В первую очередь надо было допросить немца. Ногу ему уже перебинтовали. Кутагин стрелял осторожно. Если первая пуля уложила бортстрелка с пулемётом наповал, в голову, то лейтенанту Гюнтеру Рейнеру пуля пробила голень, не задев кость.
— Не ври мне, — сказал Глеб, надавив ментально на пилота "Штуки", — Говори только правду!
Глеб задавал вопросы, Борис записывал их и переведённые Ткачёвым показания. Выяснилось следующее. В полосе Центрального фронта немцев действовал 2-й воздушный флот с целью поддержки танковой группы Гудериана. В состав этого флота входило три эскадры пикирующих бомбардировщиков Ю-87 — 1-я, 2-я, 77-я. Каждая эскадра имела по три группы численностью по сорок самолётов. В первой эскадре была и четвёртая группа, переброшенная для действий на севере в Норвегию, она вошла в подчинение 5-го воздушного флота. В ночь на двадцать первое июня их группу перебросили подо Львов, для поддержки прорыва танковой группы Клейста. Перебросили ориентировочно на три дня, с возвращением дальше обратно в состав 2-го флота. Возглавляет 1-ю группу 77-й эскадры полковник Шварцкопф. Сорок самолётов. Технический состав не полный, приблизительно одна треть. Их штафель, — пометь в скобках (эскадрилья), — сказал Глеб комбату, — двенадцать самолётов наносил удары по Львову с пяти утра. Вылет второй. Всем командирам кете (звена) задачу ставил командир штафеля. Имелся план размещения места дислокации дивизии. Склады было приказано не бомбить.
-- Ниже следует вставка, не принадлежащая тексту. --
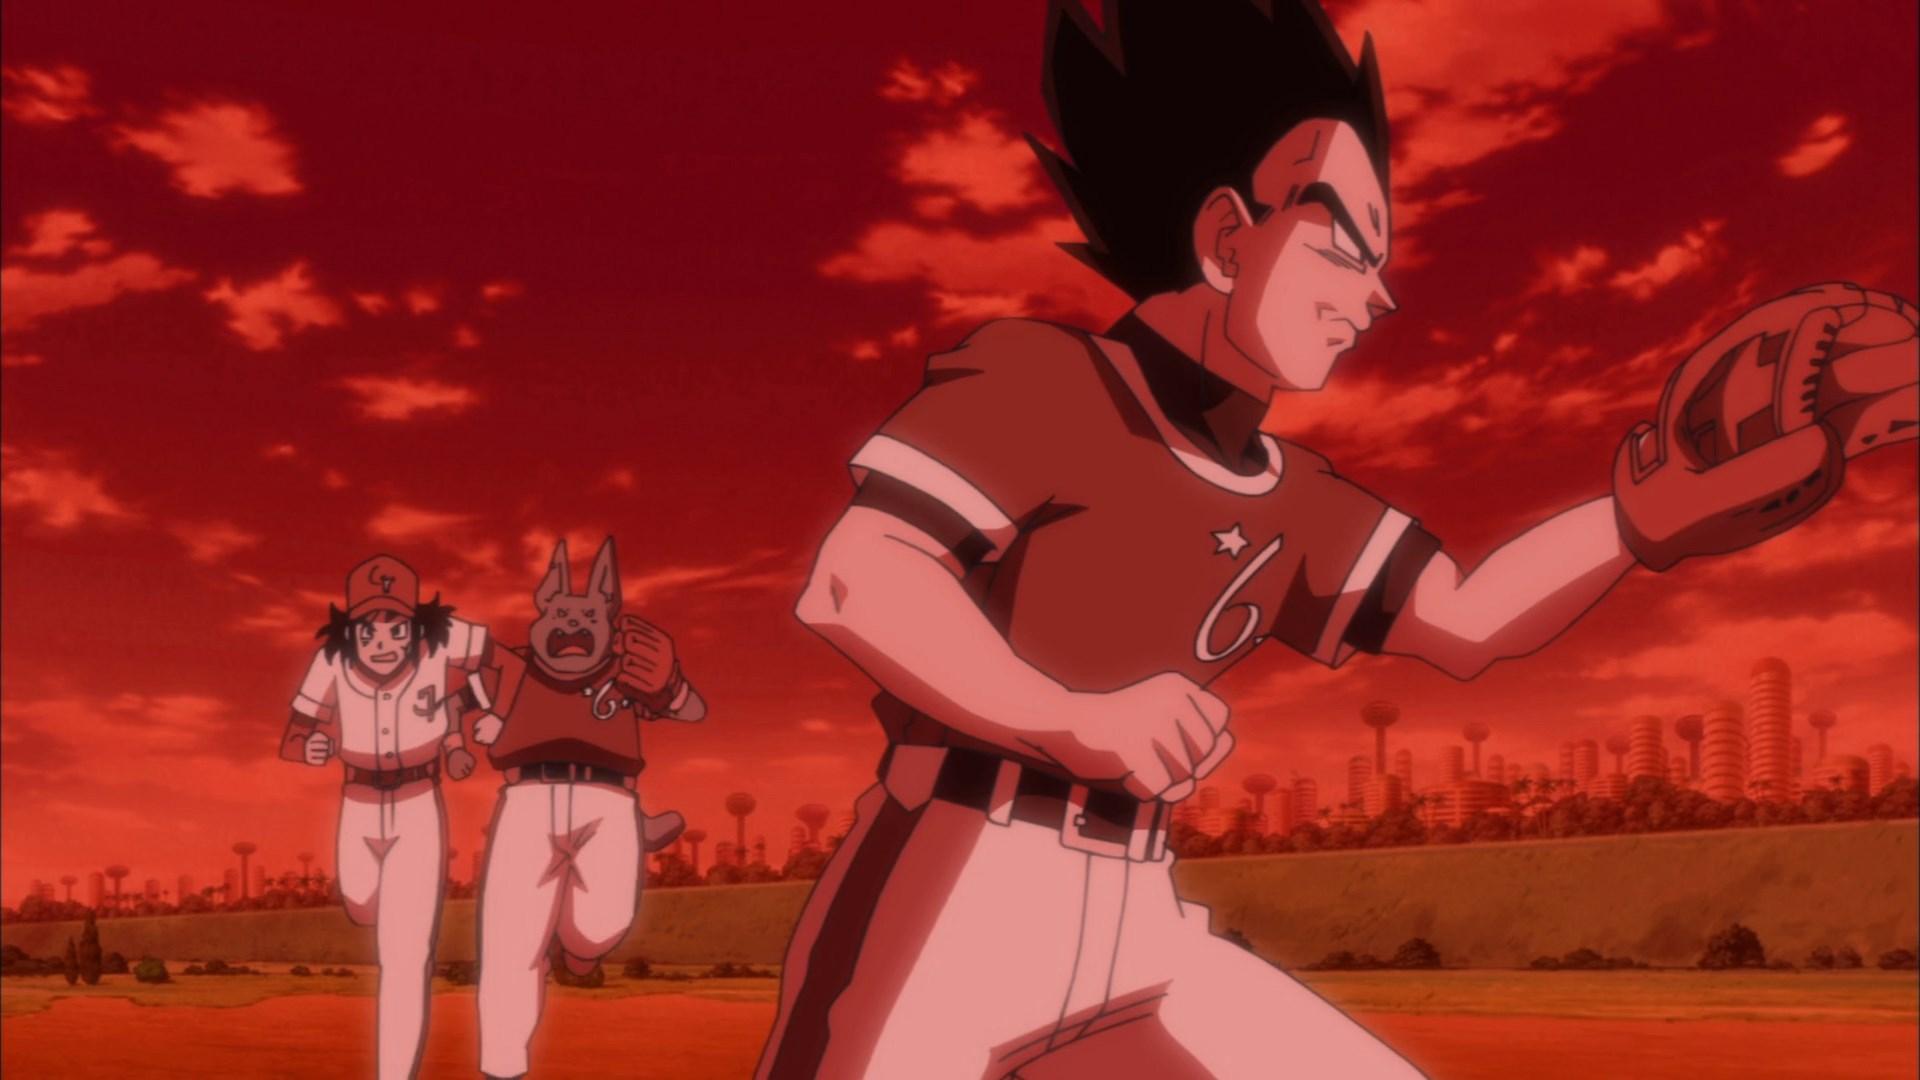 [DS] Dragon Ball Super 070 [1080p].mkv_snapshot_16.31_[2016.12.11_03.53.14]

На плане им эти склады показали, даже места закопанных цистерн с топливом. Задание это не основное, они ждут удара немецких танковых колонн. Аэродром расположен рядом с границей, два километра южнее Томашува. Из ПВО имеется две автоматические 20 миллиметровые зенитные установки Эрликон со спаренными стволами. Самолёты укрыты на лесной опушке.
— Пожалуй, для военных информации хватит, если что-то надо, пусть чекисты сами опрашивают, — сказал Глеб, заканчивая допрос. Пленного увели.
Сержант связался ментально с Поршнёвым. Тот отозвался с задержкой, оказывается, ранен при бомбёжке.
— Я сейчас буду, — сказал ему Глеб. Настроился на знакомое лицо, и перенёсся к капитану. Тот лежал в лазарете с перебинтованной грудью, был в сознании, но состояние его Глебу не понравилось. Капитан мог запросто распрощаться с жизнью. Лицо осунулось, нос заострился, дышал тяжело с хрипами. Разбираться, что там у него за рана, сержант не стал. Положил ему руки на грудь и подержал минут пять, напитывая тело энергией. Затем перекрестил. Грудь капитана засветилась, как засветился и крест над его кроватью. Глаза раненого прояснились, он заворочался на койке.
— Вставай, хватит прикидываться, работы полно! — сказал он ему мысленно.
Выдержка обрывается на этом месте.